A pattern for reducing ambiguity

Here’s the pattern:

  1. Identify the owner
  2. Have the owner describe the problem and solution in a doc
  3. Invite stakeholders to comment on the doc
  4. If discussions on the doc linger, schedule a meeting to finalize
  5. Document conclusions in the doc, to facilitate communication and closure, and for future reference

This may seem obvious, but I often forget it, especially in cases where a task starts small and grows in complexity. A problem may seem too small to formally “own”. A solution may seem too trivial to document. Stakeholders may attend a meeting without context. A meeting may conclude with stakeholders feeling like they’ve expressed themselves, but there’s no actionable plan to resolve the problem.

Identifying one person from a group of stakeholders to own the project and be responsible for leading work to completion reduces organizational ambiguity.

Documenting the problem and proposed solution in writing reduces ambiguity by capturing ideas from a variety of mediums in a single, relatively objective place that stakeholders can comment on.
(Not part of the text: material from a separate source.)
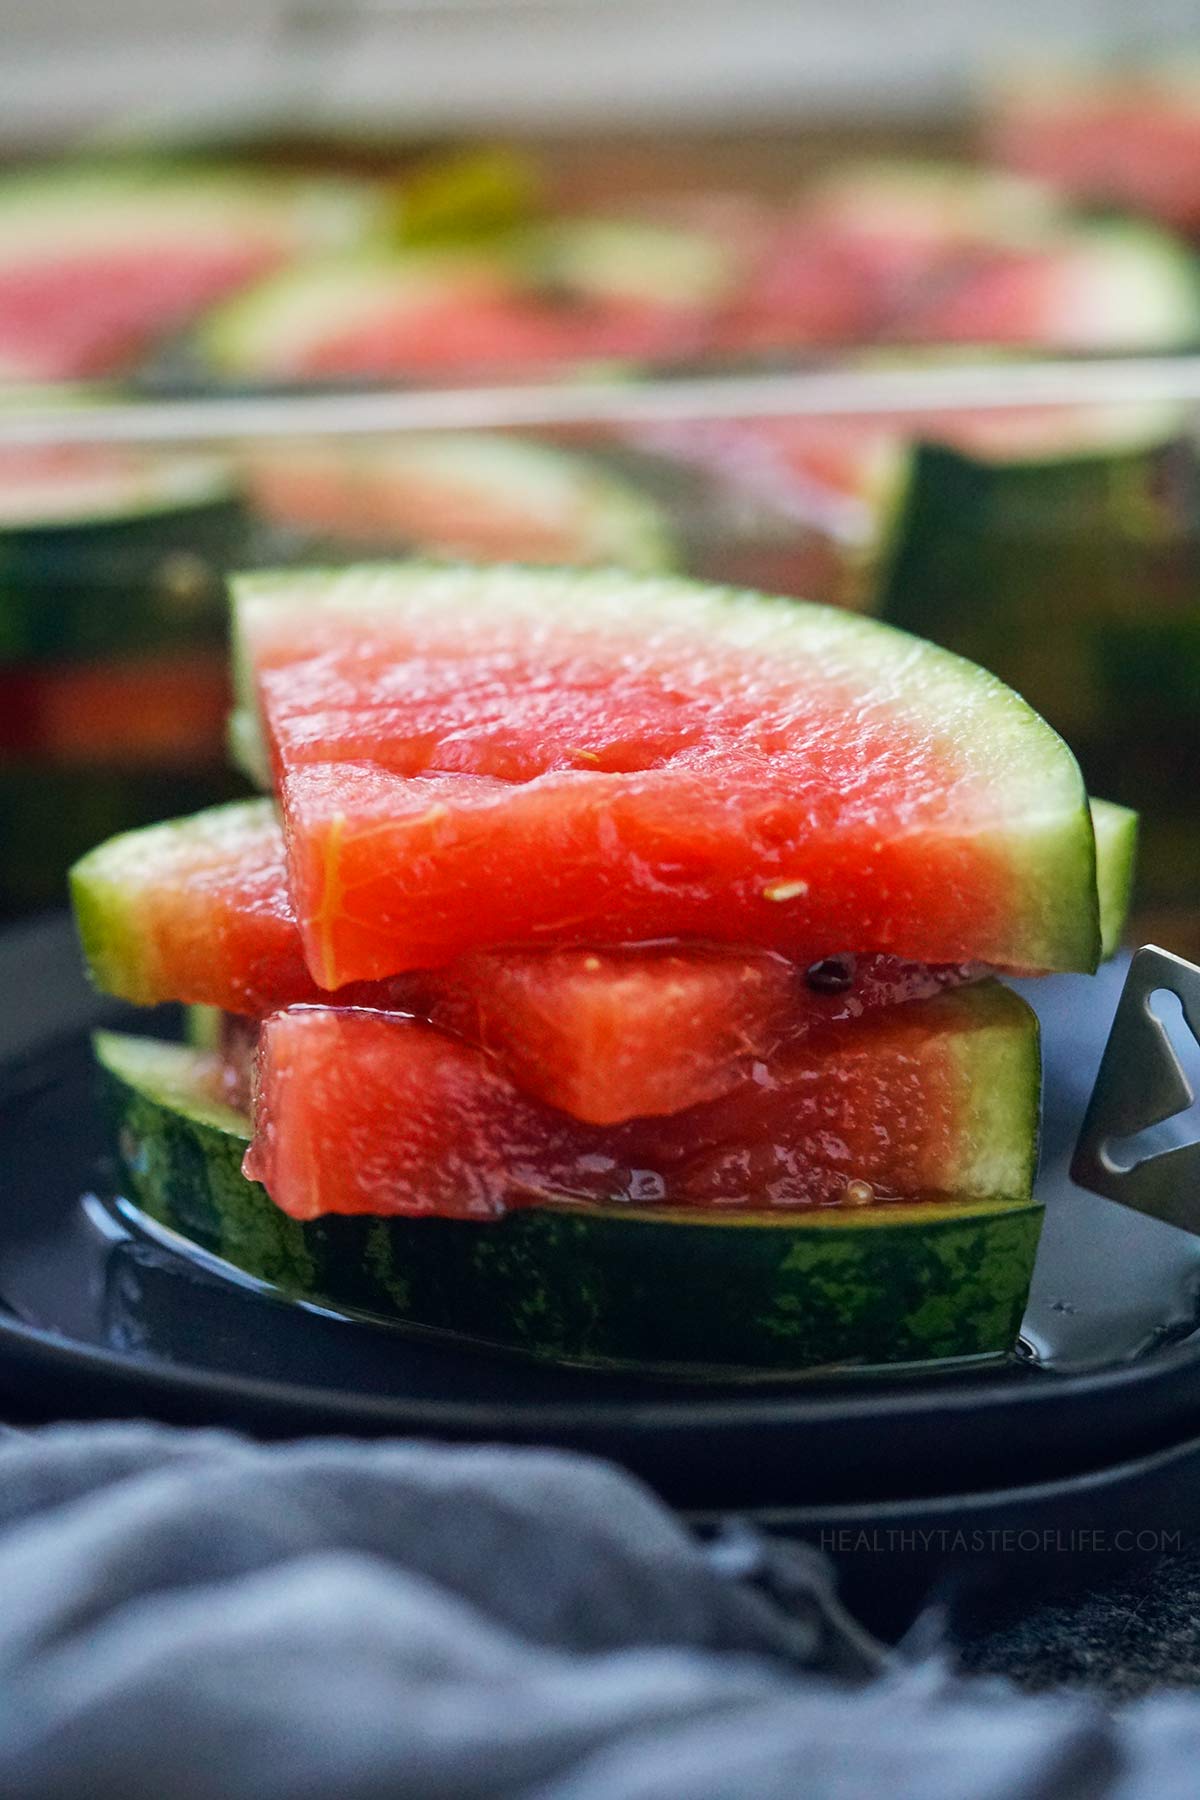 Ready fermented watermelon slices stacked on a plate.
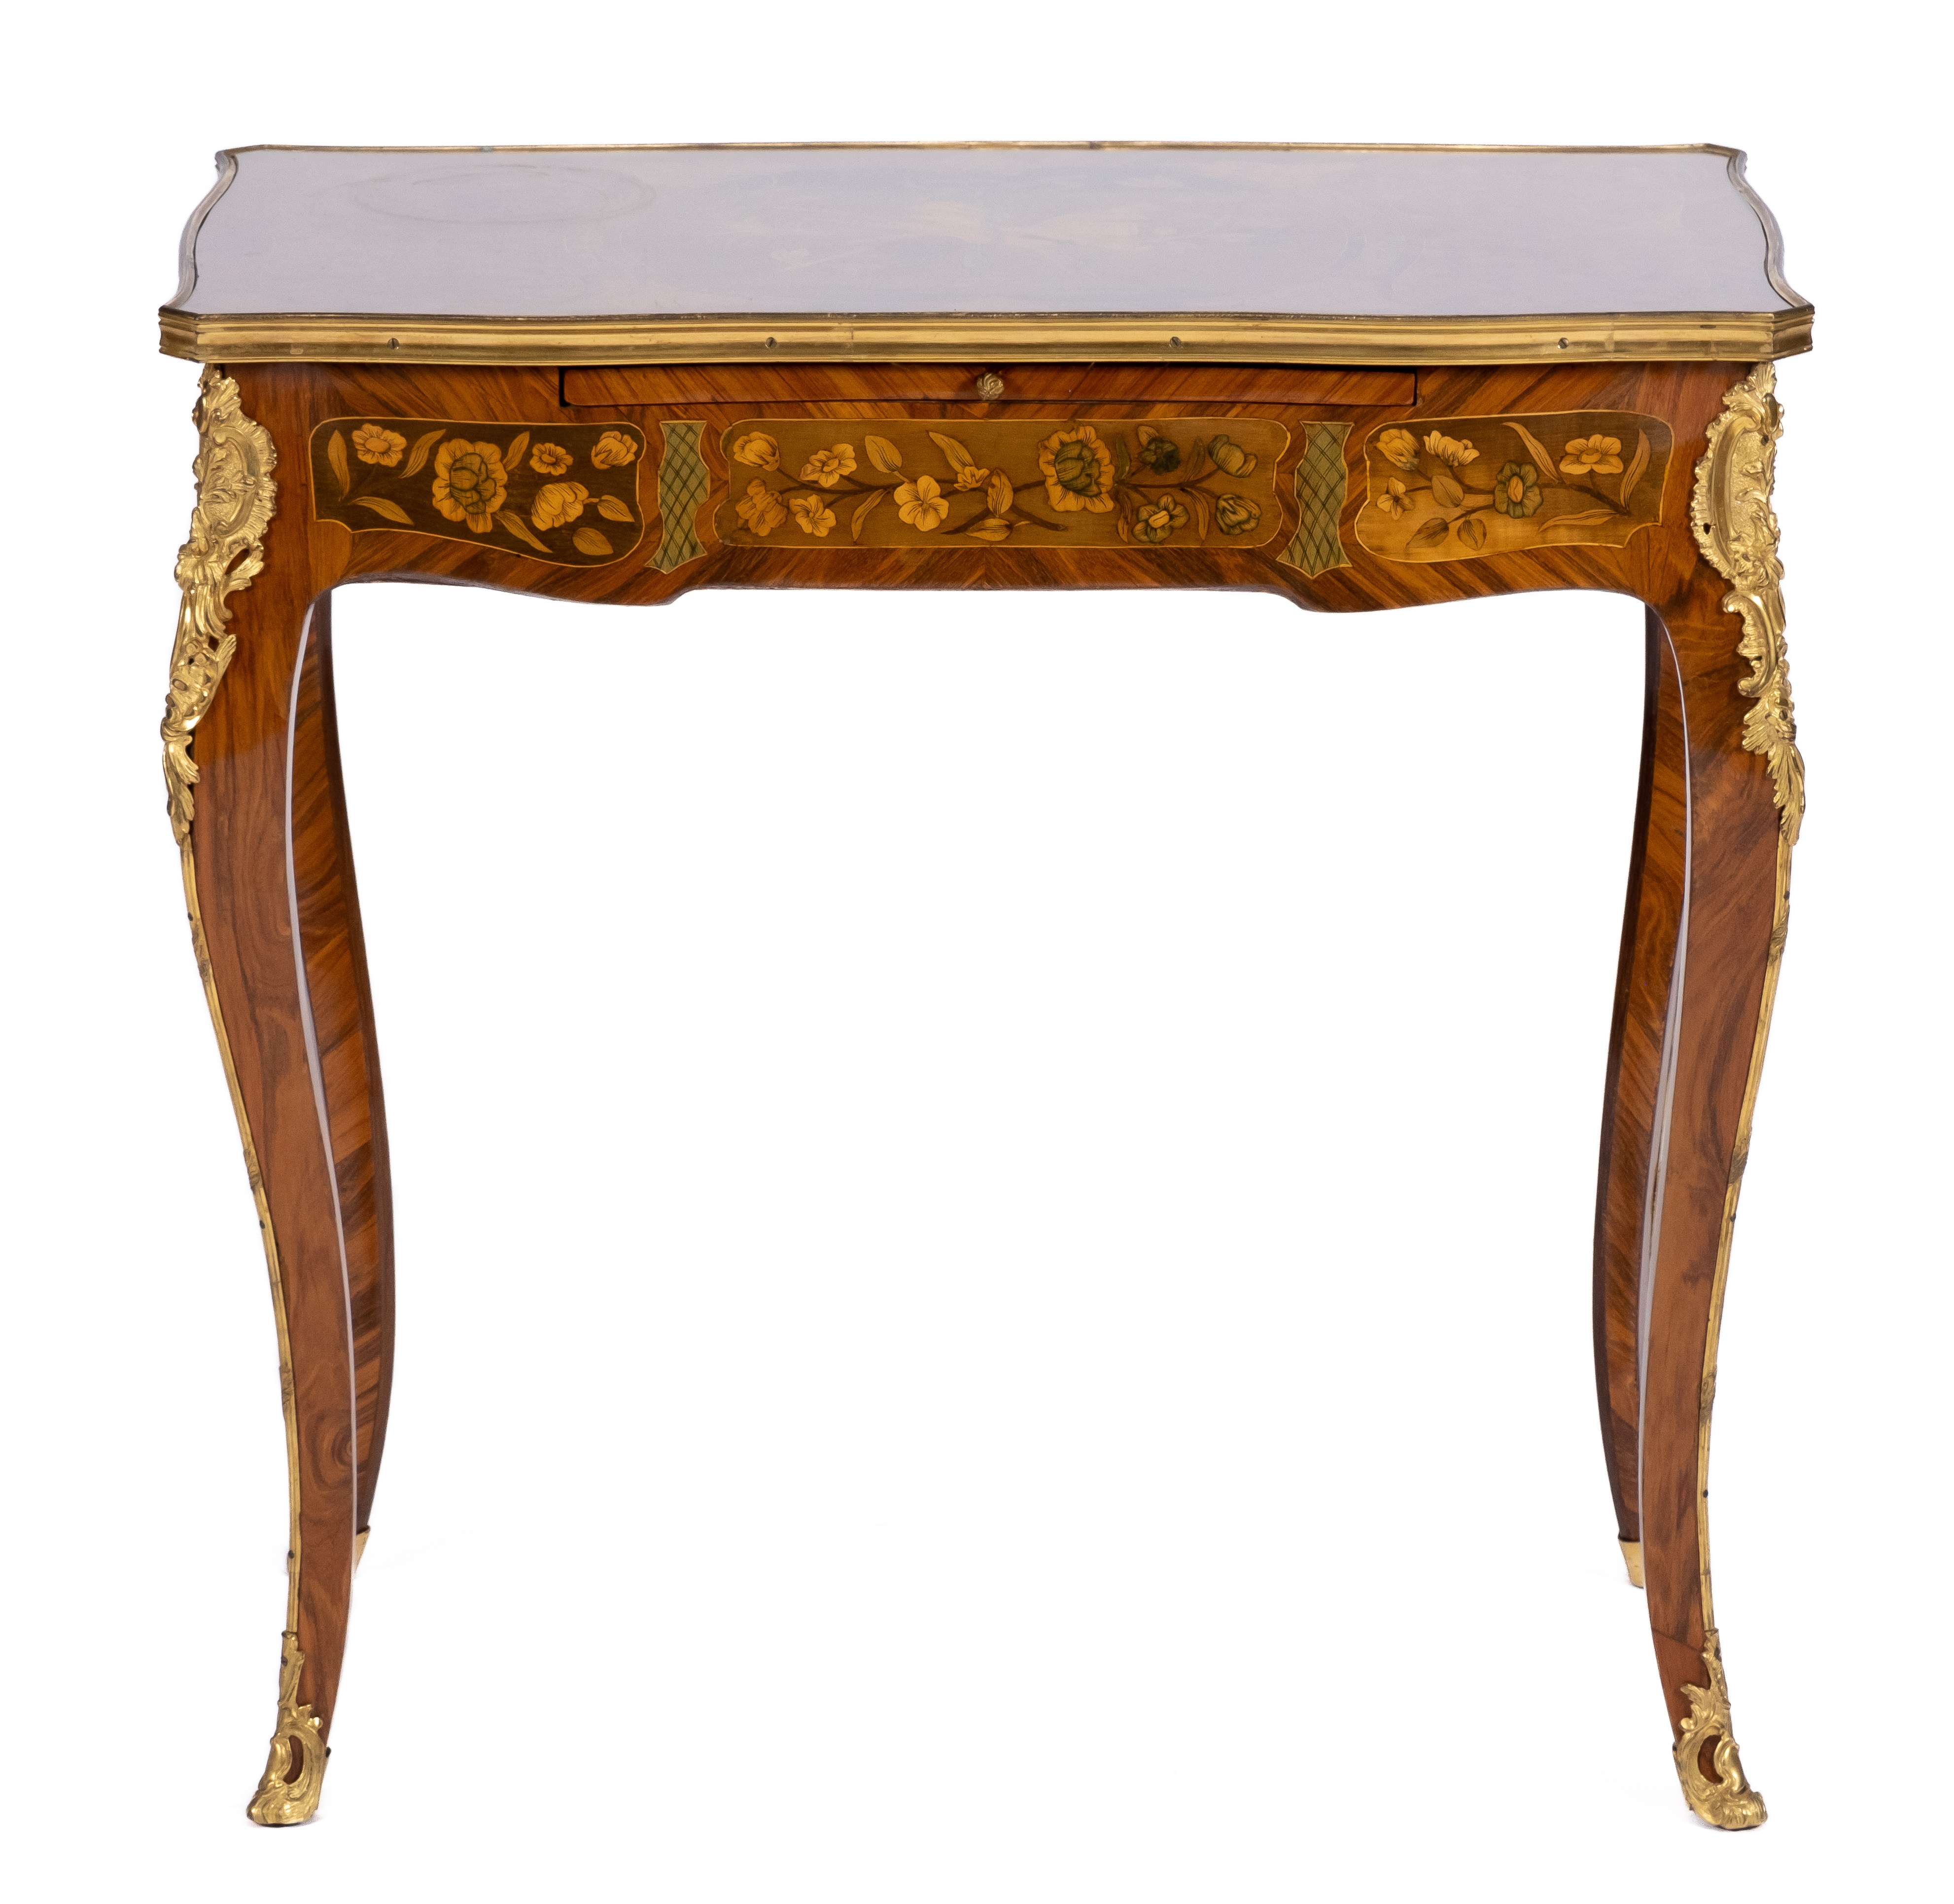 A Louis XV ormolu-mounted kingwood, sycamore and fruitwood marquetry table de salon - Image 2 of 4

Documentation alone may achieve closure, but it may also spawn extensive commentary. Meetings are relatively expensive, but scheduling a meeting to drive closure reduces ambiguity by distilling commentary on the document into conclusions.

Documenting conclusions reduces ambiguity by rendering them in an objective form all stakeholders can agree on.

A few symptoms that indicate when this pattern might be useful:

  1. Endless back-and-forth in chat, bug comments, etc, which can give the impression of progress, but never resolve the issue
  2. Multiple and/or cross-functional stakeholders, which can obscure priorities
  3. Multiple people opining on a solution and/or answering questions, which can obscure ownership
  4. A problem that drags on, which can indicate it’s important, but inappropriately owned

This ties into larger discussions around project planning (e.g., managing planned vs unplanned work), and meeting efficiency (e.g., inviting stakeholders, assigning pre-work and clarifying outcomes), but the point here is just to succinctly identify an organizational pattern and when it can be helpful.

Batch to SSTable

A pattern I’ve seen a couple times for immutable data:

  1. Generate the data using a batch process
  2. Store the data in an an indexed structure (like SSTable)
  3. Expose the structure through an API

The result is a key-value store with extremely high read performance.

The first time I heard about this was Twitter’s Manhattan database. Recently, I saw the pattern again at a different company. Ilya Grigorik wrote about it several years ago in the context of log-structured data, BigTable and LevelDB.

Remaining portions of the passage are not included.